Study material
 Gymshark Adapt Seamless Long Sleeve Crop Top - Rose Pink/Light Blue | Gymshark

* * *

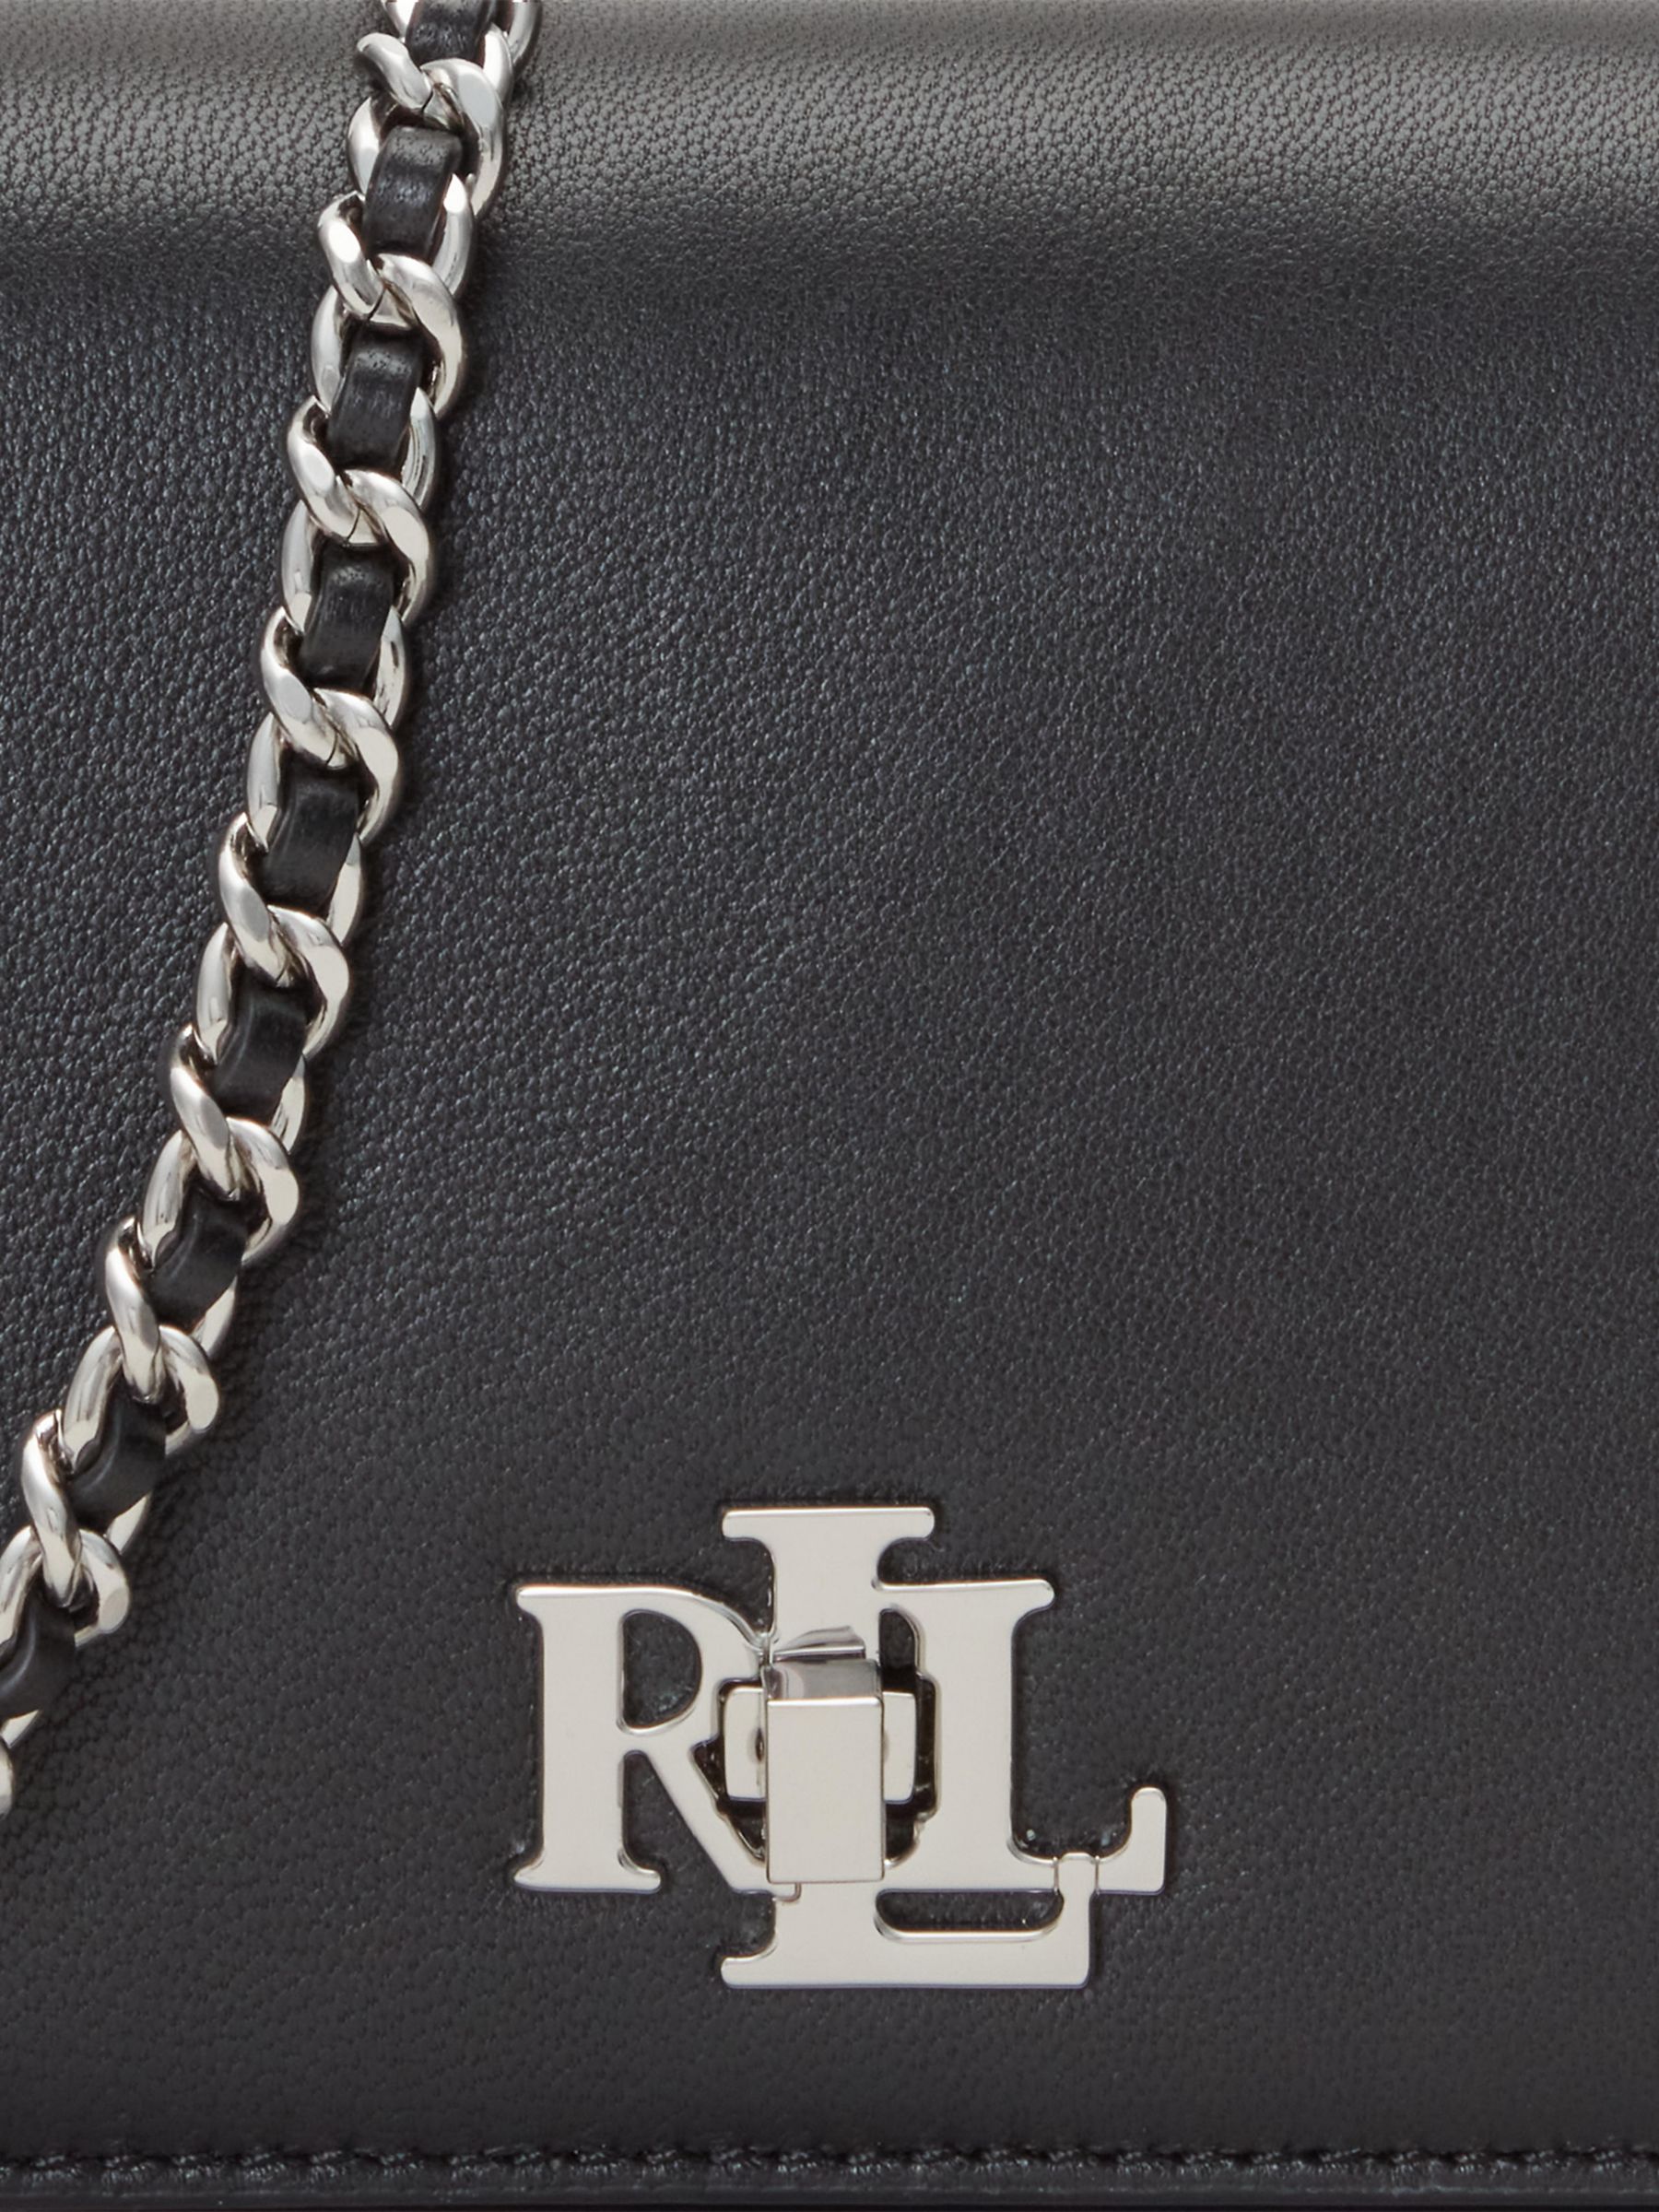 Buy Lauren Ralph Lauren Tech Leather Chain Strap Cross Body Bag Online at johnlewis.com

...

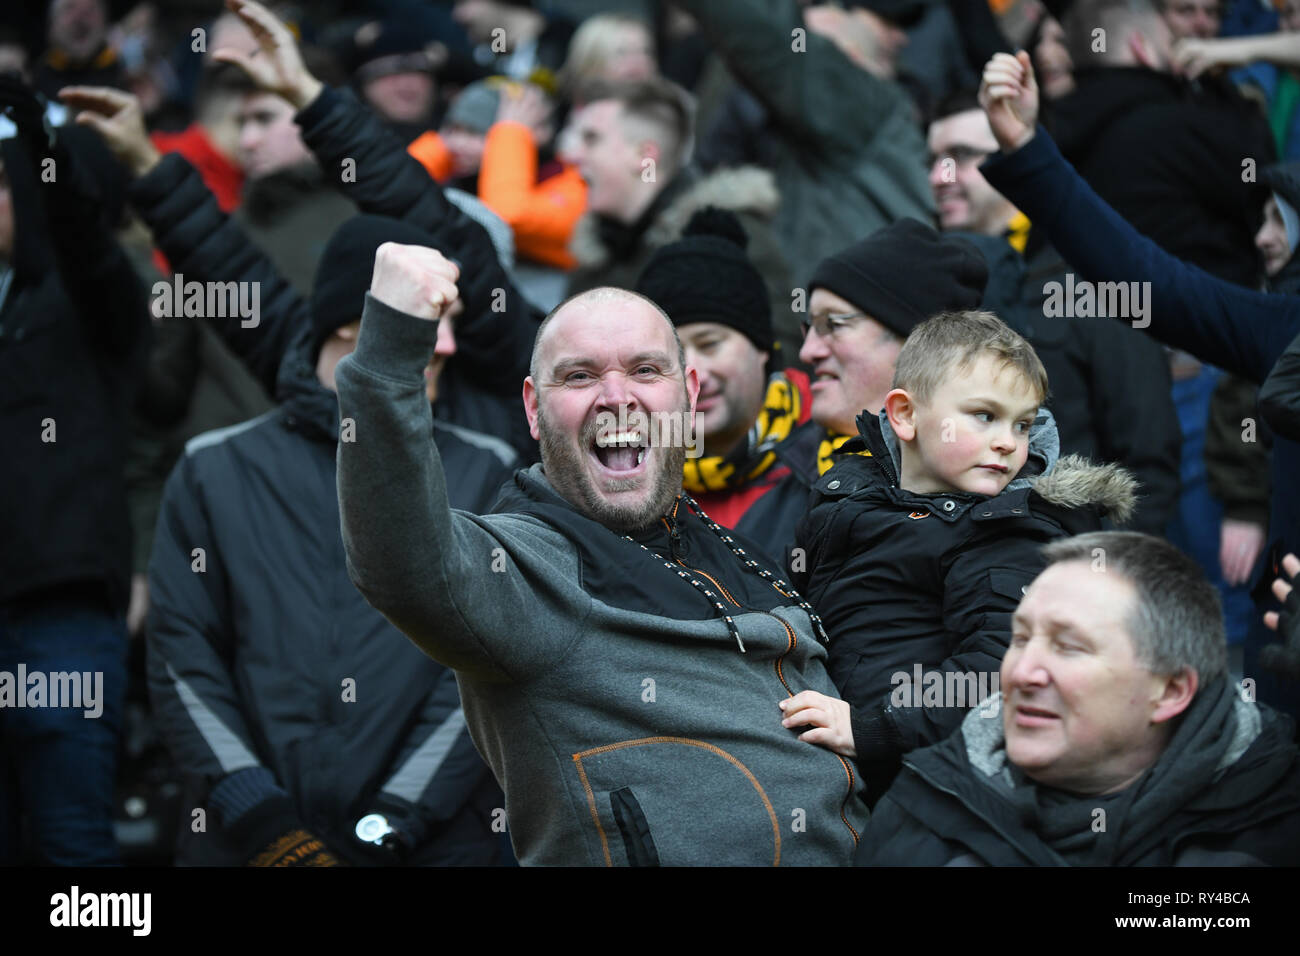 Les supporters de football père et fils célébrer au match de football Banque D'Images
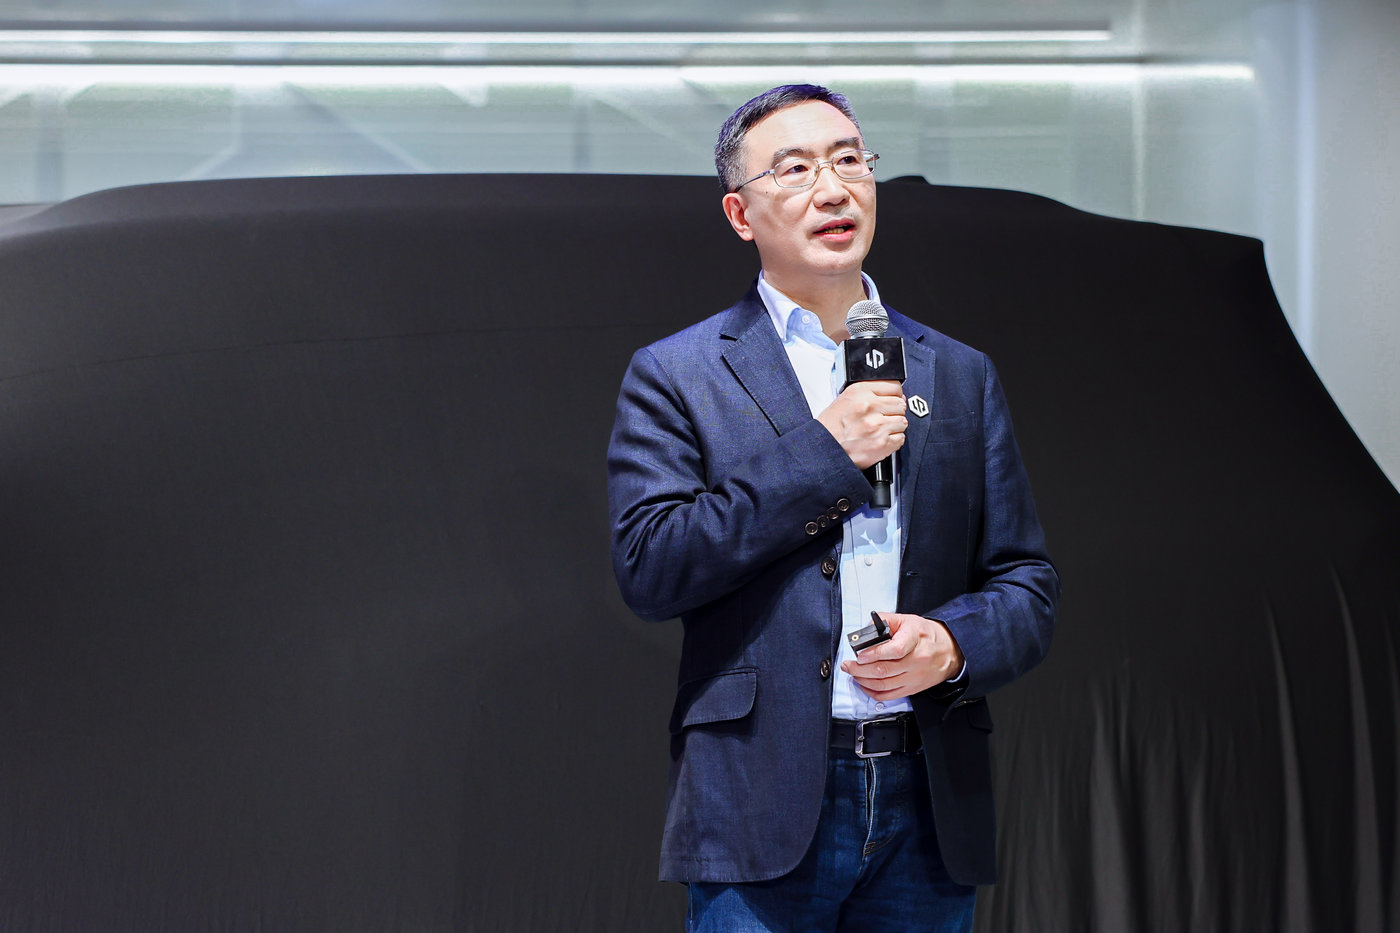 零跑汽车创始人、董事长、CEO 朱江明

Activity
Exact repeat of the material above: every line from the one with "Les supporters de" through the one with "零跑汽车创始人、董事长、CEO 朱江明", endpoints included, and nothing more. No pictures.

Written answer
 Les supporters de football père et fils célébrer au match de football Banque D'Images
 零跑汽车创始人、董事长、CEO 朱江明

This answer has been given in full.